Review: Handle With Care
Grandma’s body is missing and has to be found in 24 hours so her granddaughter can ship it back to Israel for a proper Jewish burial. And it’s Christmas Eve. And the story here is presented in both English and Hebrew dialogue.
B Street Theatre’s Handle With Care, by playwright Jason Odell Williams, sounds like an improbable holiday mashup because it is. This light romantic comedy is filled with irrational coincidences, improbable plot lines and unlikely love connections. But in the end, Handle With Care works because it gives us less schmaltz and more heart.
And most of the heart comes from the four-member cast—a versatile Stephanie Altholz as the cynical, vulnerable granddaughter Ayelet, Eve Sigall as the well-intentioned grandmother Edna, Tyler Pierce as lonely mensch translator Josh, and Jason Kuykendall as the bumbling delivery driver Terrance.
The story takes place in a Virginia hotel room where Terrance is trying to explain to Ayelet that he’s lost her grandma’s body while trying to deliver it to the airport. Because Israeli visitor Ayelet only speaks Hebrew, Terrance calls in his childhood buddy Josh who “speaks Jewish” to translate. Turns out Josh only knows very limited Hebrew from his bar mitzvah days, but is willing to help.

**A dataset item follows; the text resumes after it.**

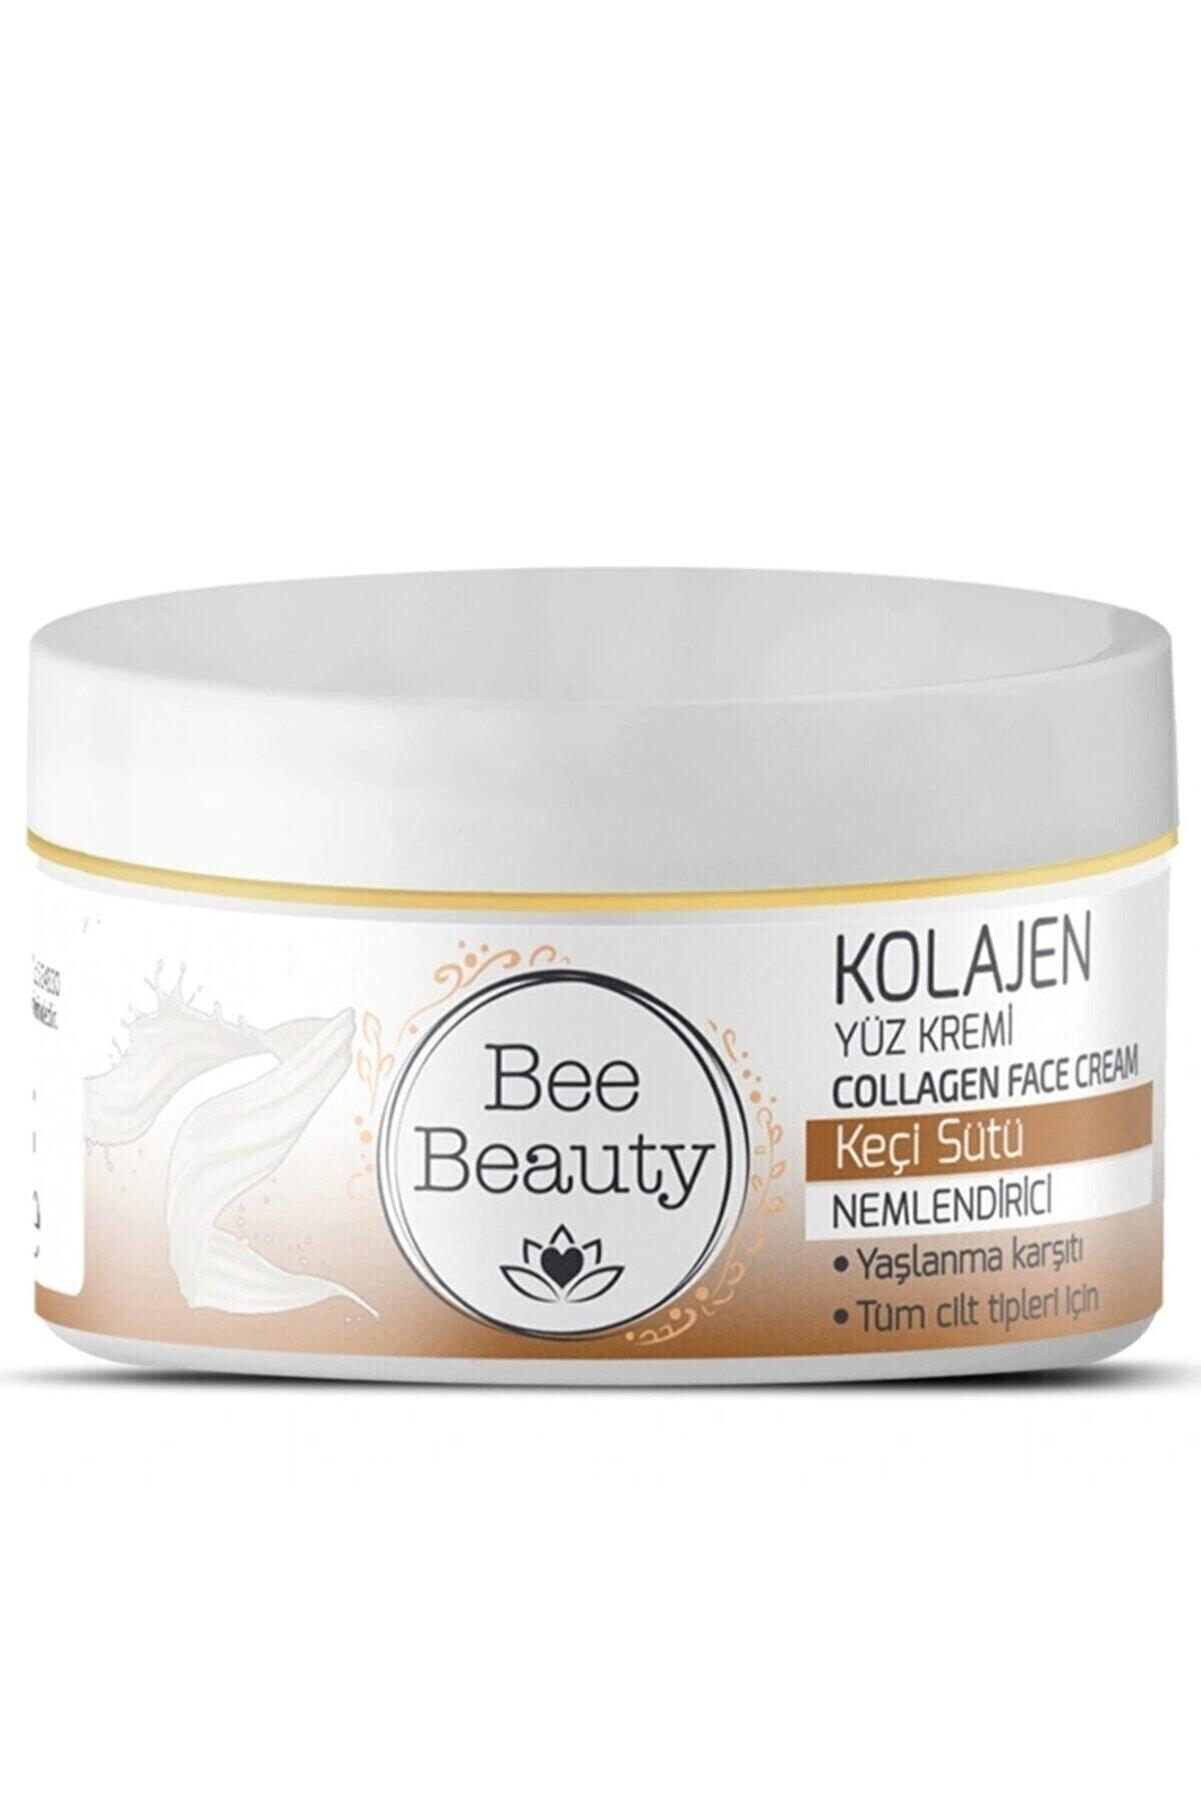 Bee Beauty Keçi Sütü Kolajen Yüz Kremi 50 ml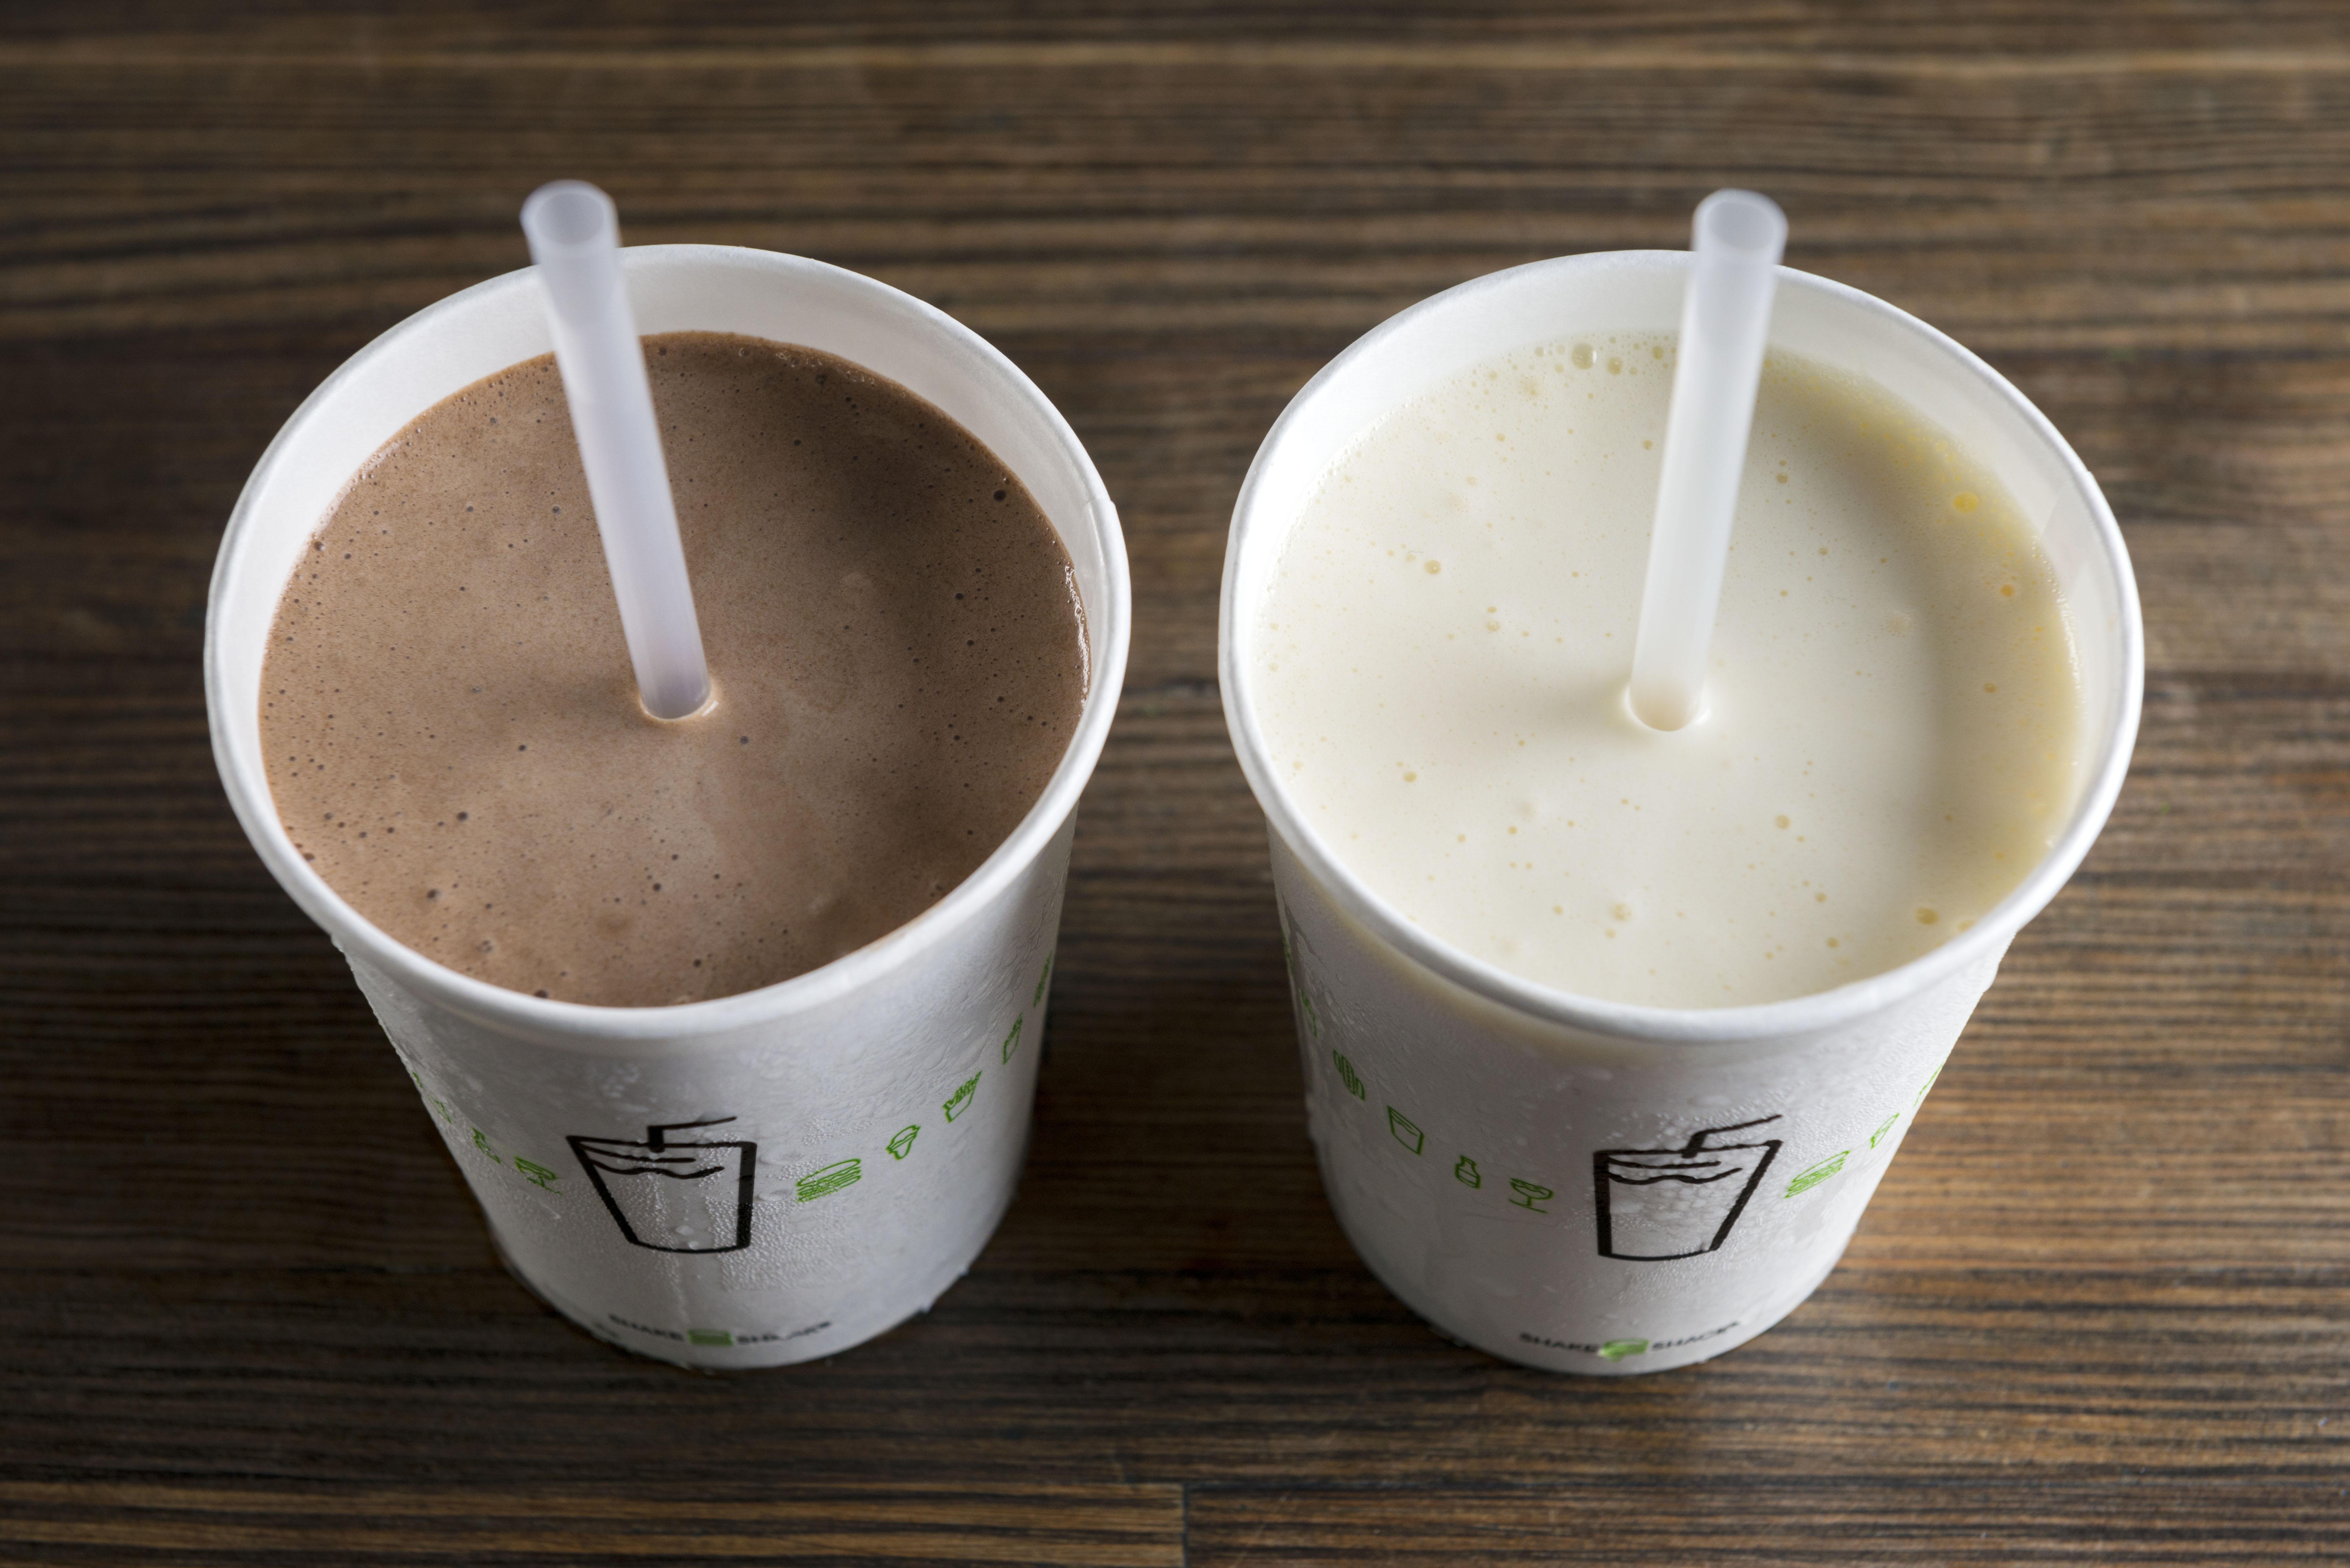 Two shake shack milkshakes with plastic straws

We get the grandmother-granddaughter back stories through flashback scenes. And though granddaughter and her grandma only speak Hebrew, the scenes are delivered in English, and though a bit confusing at first, it all works.
Added charm arrives via the set changers in hotel uniforms who choreograph the rearranging of props between scenes of this sweet holiday love story.